The crude estimates indicated that redeeming a prescription for SSRIs or other types of antidepressant drugs might be a proxy for high risk of repetition. The risk of repetition was estimated to be approximately 50% higher for those redeeming a prescription compared to those not redeeming a prescription in the follow-up period. This group might have more severe symptoms of mental illness, be more ill or more vulnerable and, therefore, at higher risk of repetition. Consequently, the association between treatment with antidepressants and risk of repetition might not be causal. We found some indication of this, as the antidepressant factors became statistically insignificant when controlling for baseline risk of repetition. Similar findings have previously been reported in a literature review (Beghi et al., Reference Beghi, Rosenbaum, Cerri and Cornaggia2013), and Dragioti and colleagues explain the findings by an absence of reduction in depressive symptoms in young people treated with antidepressants (Dragioti et al., Reference Dragioti, Solmi, Favaro, Fusar-Poli, Dazzan, Thompson and Evangelou2019). The association with any type of antidepressant might be slightly different from that based on ‘only SSRIs’, as the baseline risk of repetition might be different for the two populations using ‘any antidepressant’ and ‘only SSRIs’. SSRIs are typically chosen for medical treatment of the first episode of depression, and the baseline risk of repetition might be higher in this group, which can explain the slightly higher risk in the exposure group.

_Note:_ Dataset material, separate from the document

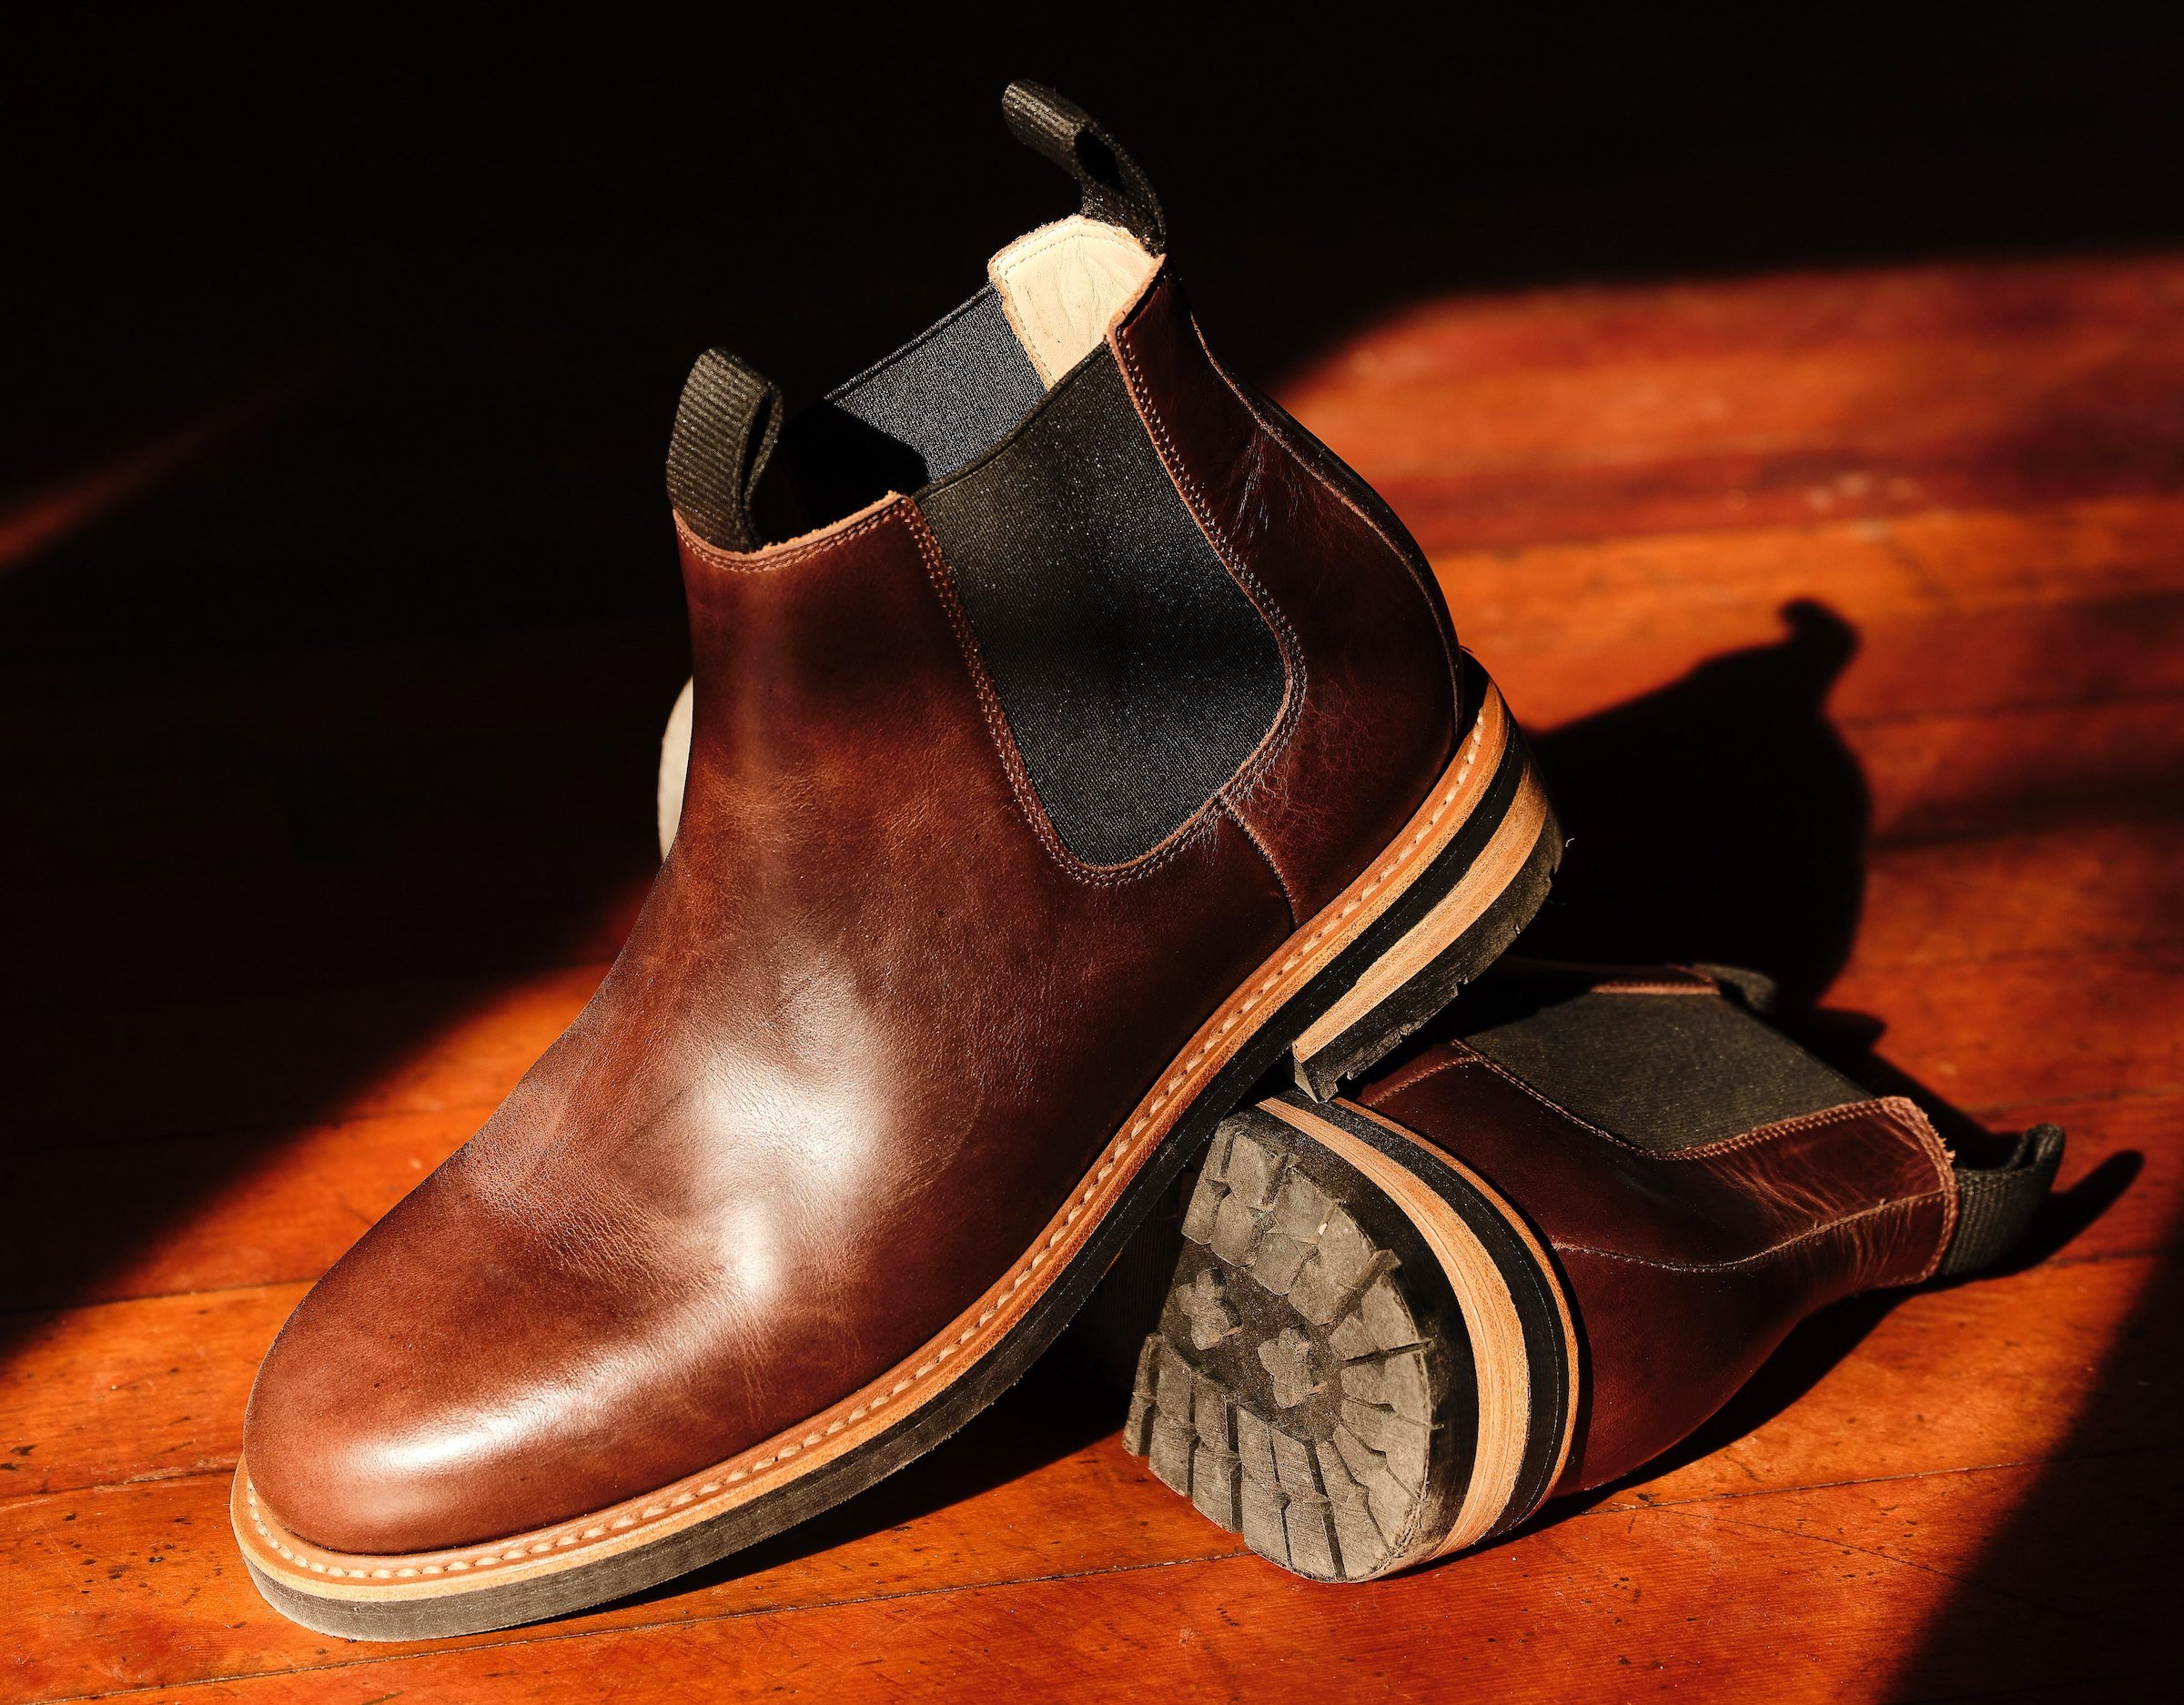 The Rhodes Cooper Boot

The lack of statistical significance in the adjusted and propensity score matched analyses might partly be explained by the use of a mixed-age cohort. While previous studies have shown that young people tend to have a higher risk of suicidal behaviour in the period after starting antidepressant treatment (SSRIs and SNRIs), a similar risk is not found in adults (Dragioti et al., Reference Dragioti, Solmi, Favaro, Fusar-Poli, Dazzan, Thompson and Evangelou2019; Sharma et al., Reference Sharma, Guski, Freund and Gotzsche2016). In this study, these two opposing effects might have offset each other.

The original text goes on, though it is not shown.